• **WORK REQUEST**
All the lines below need retyping exactly, apart from the images.

• **DATA BLOCK**
++++++++

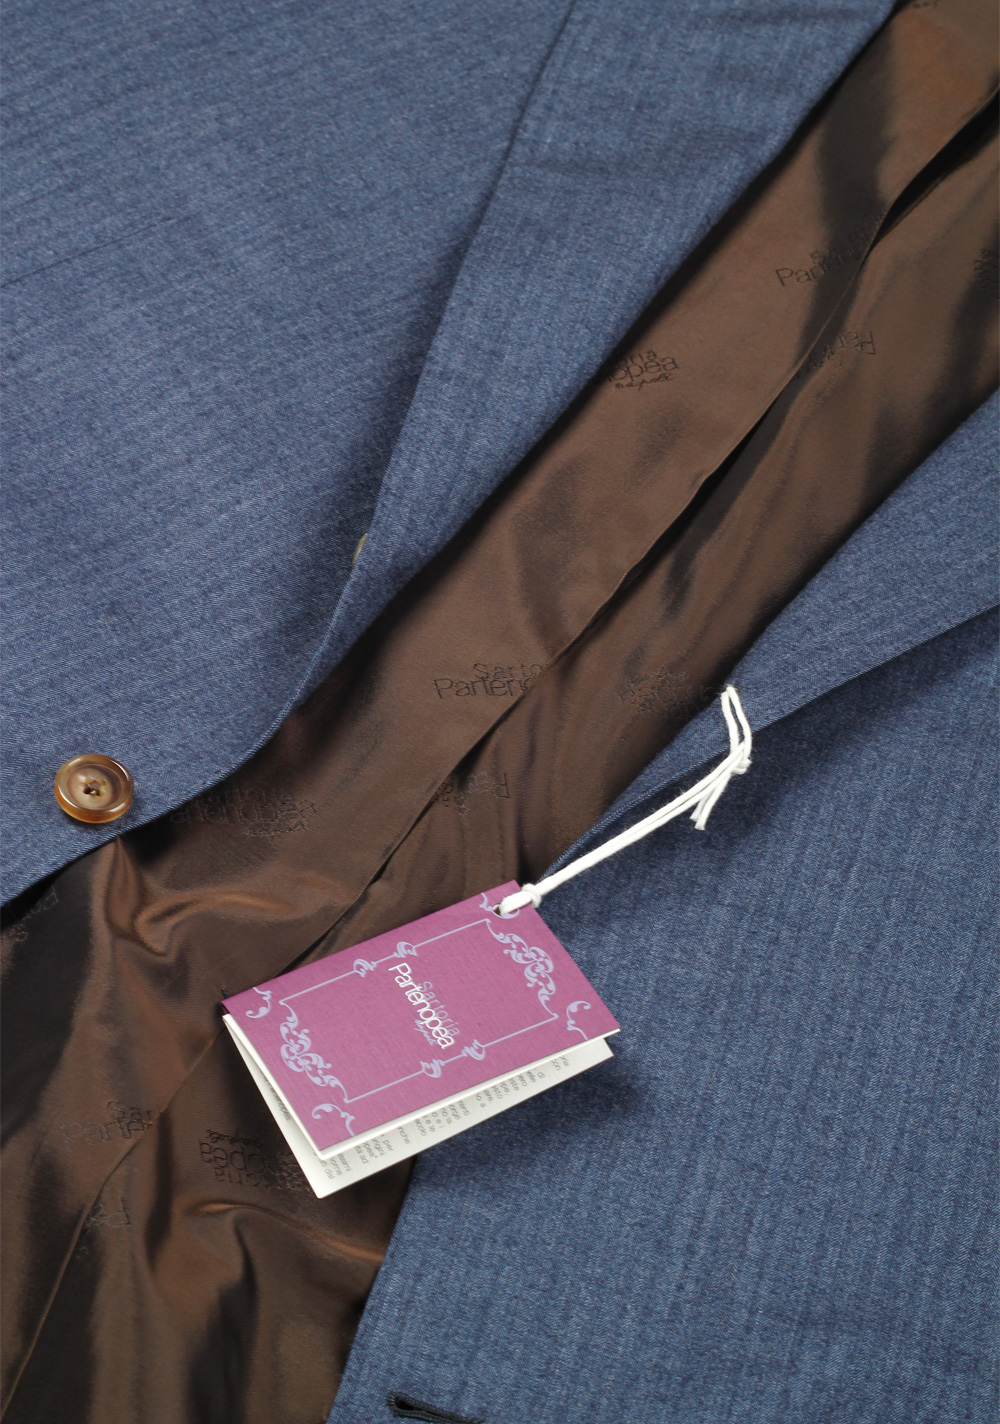 Sartoria Partenopea Blue Suit Size 58 / 48R U.S. In Wool Silk | Costume Limité
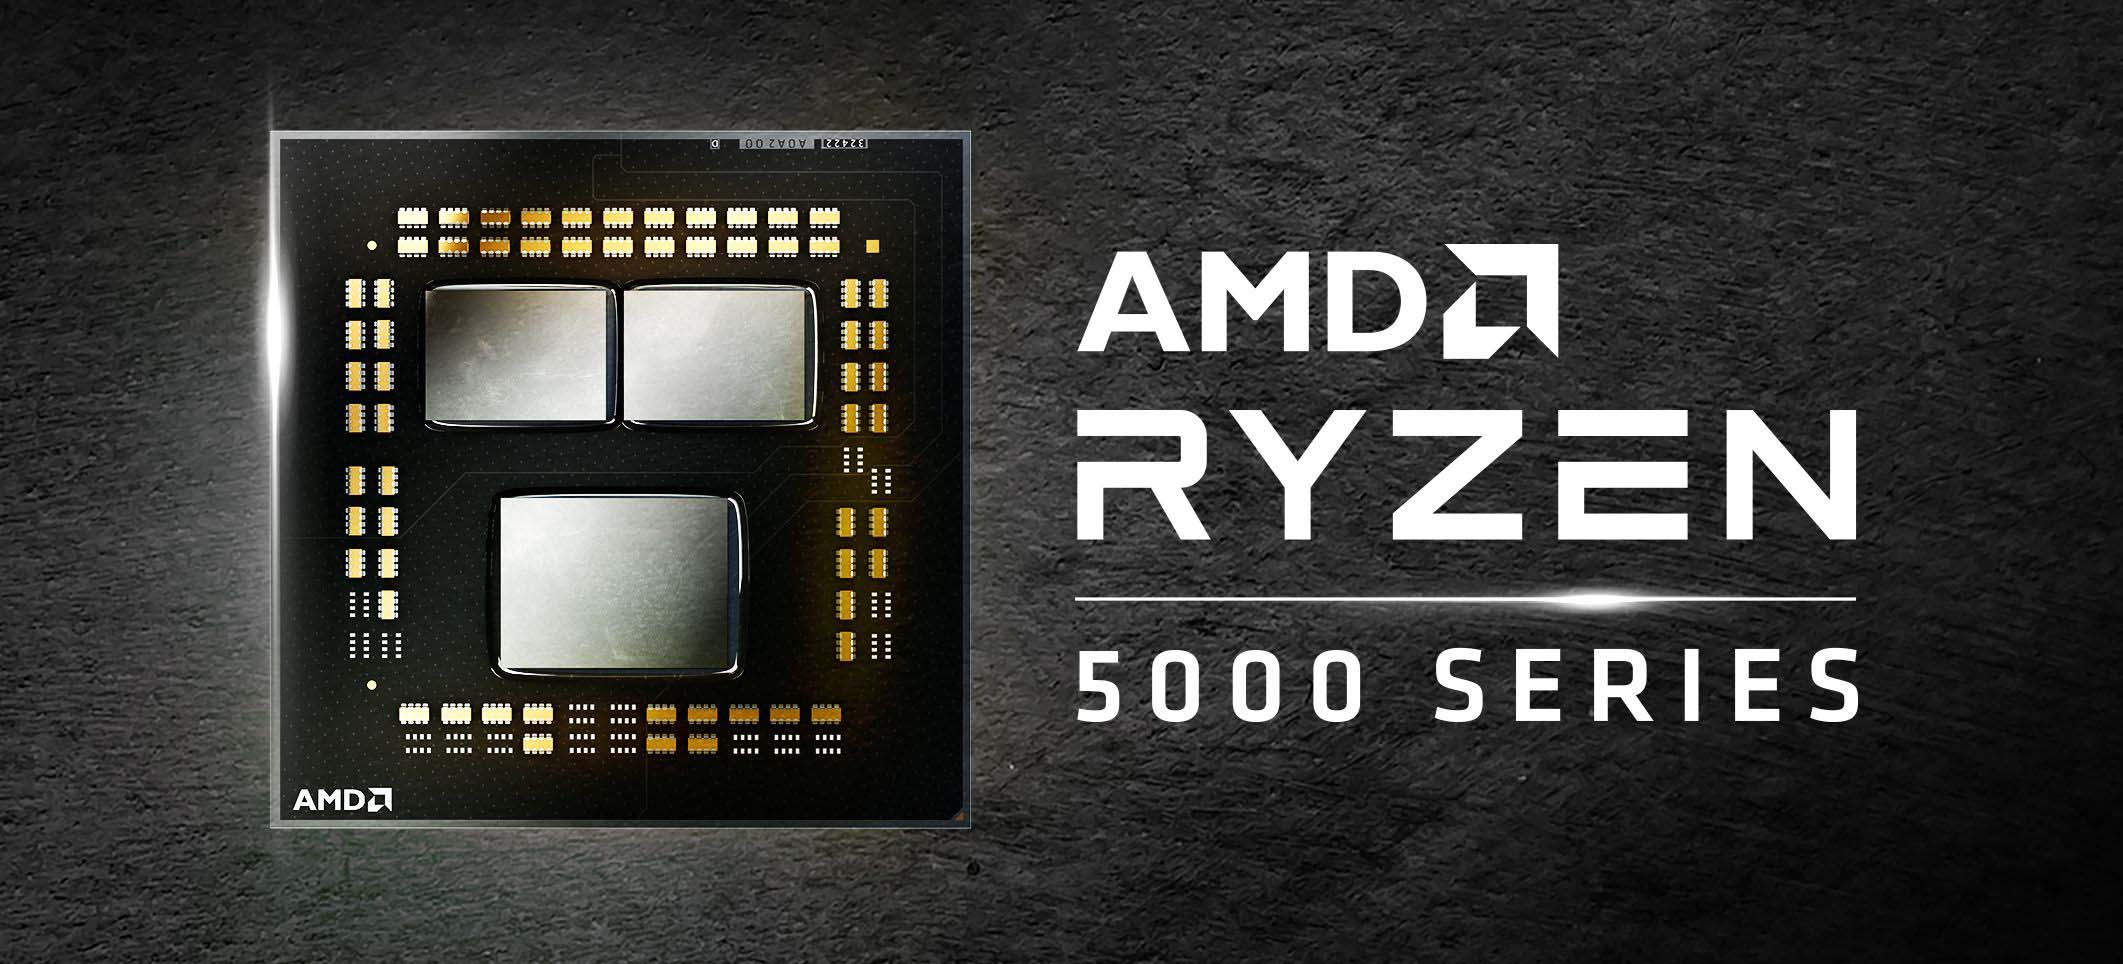 AMD vẫn tiếp tục hỗ trợ AM4 bằng cách cung cấp các CPU Ryzen 5000 mới (Ảnh: Internet)
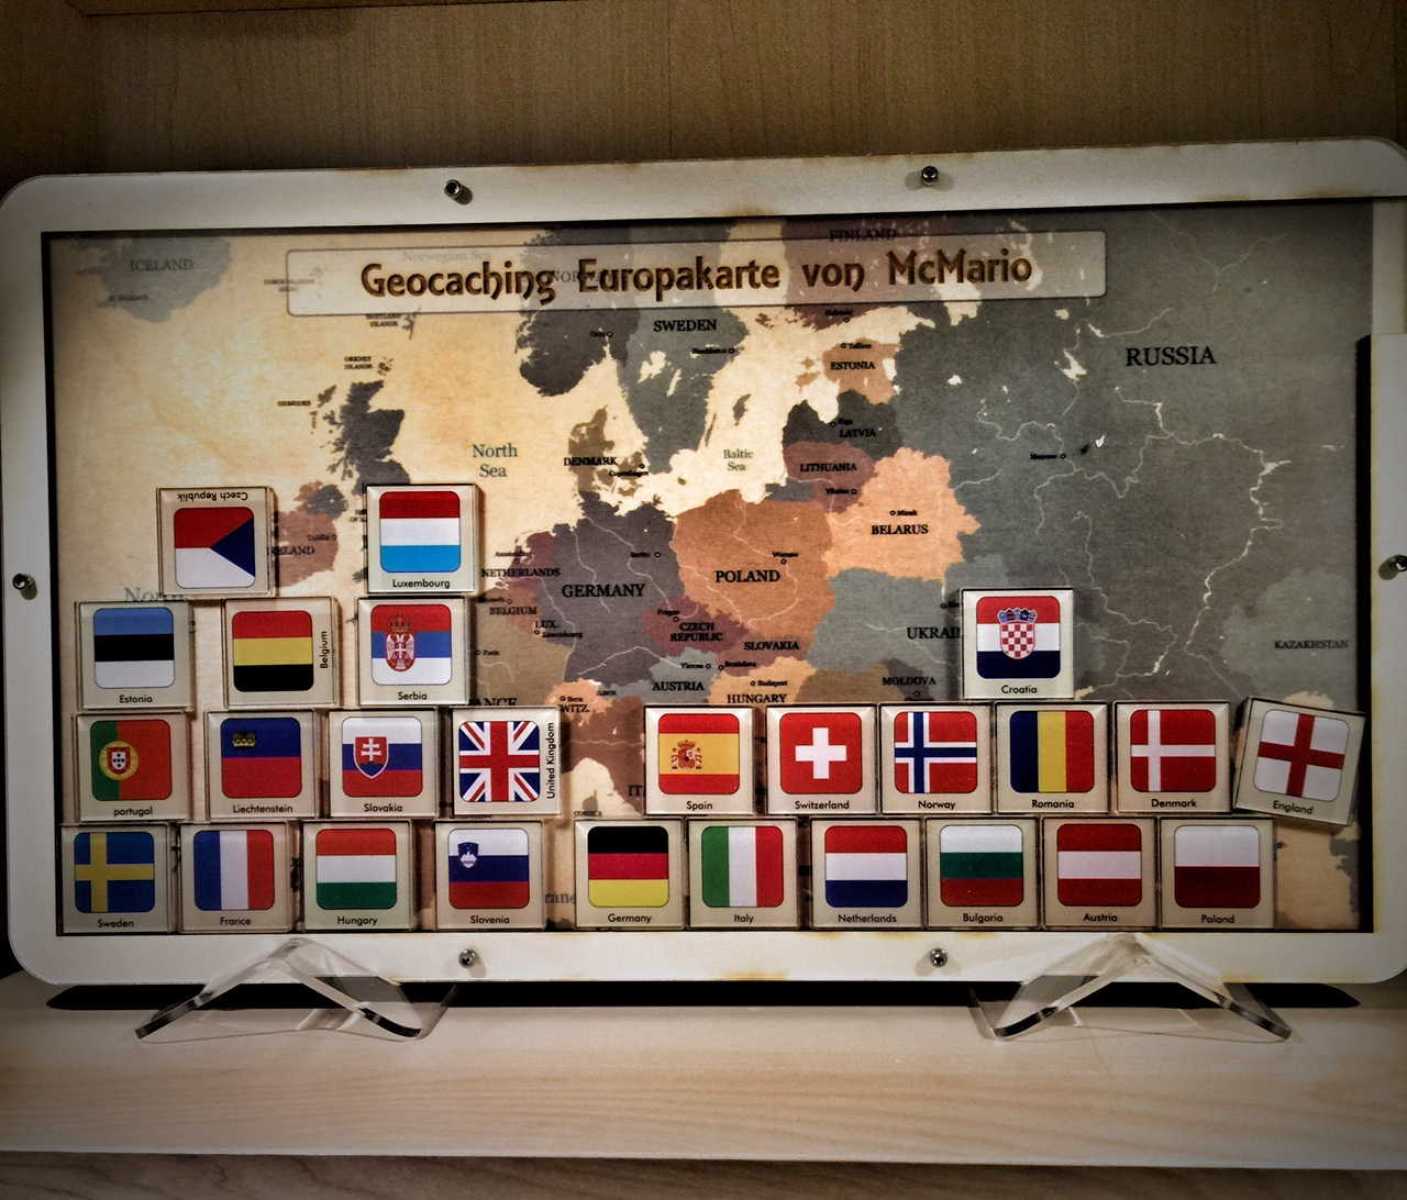 Die grosse "Geocaching-Europakarte"
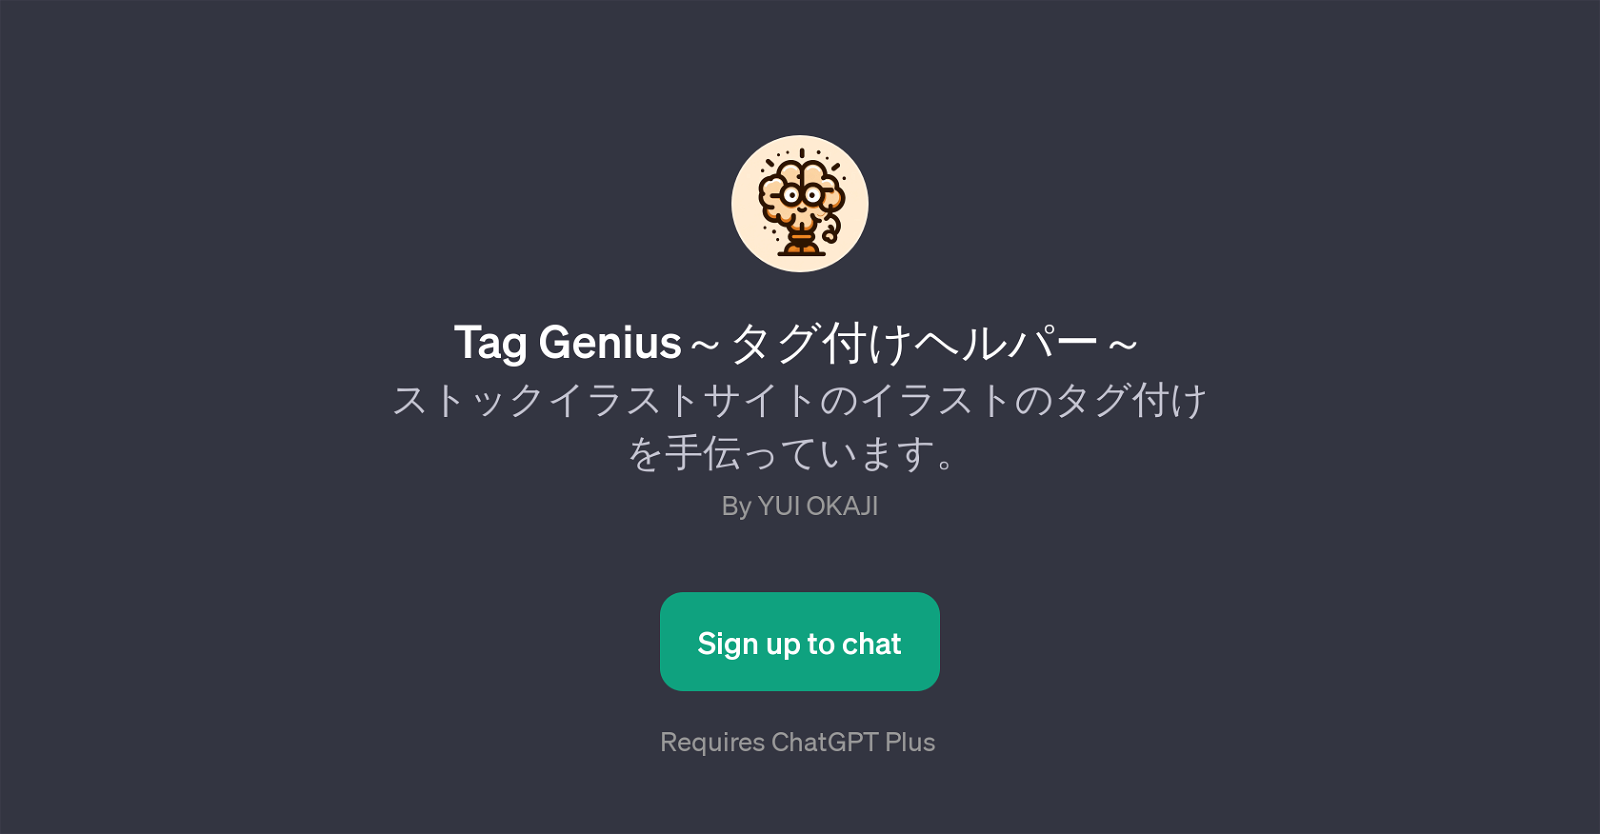 Tag Genius website

++++++++

• **PROBLEM SOLUTION**
 Sartoria Partenopea Blue Suit Size 58 / 48R U.S. In Wool Silk | Costume Limité
 AMD vẫn tiếp tục hỗ trợ AM4 bằng cách cung cấp các CPU Ryzen 5000 mới (Ảnh: Internet)
 Die grosse "Geocaching-Europakarte"
 Tag Genius website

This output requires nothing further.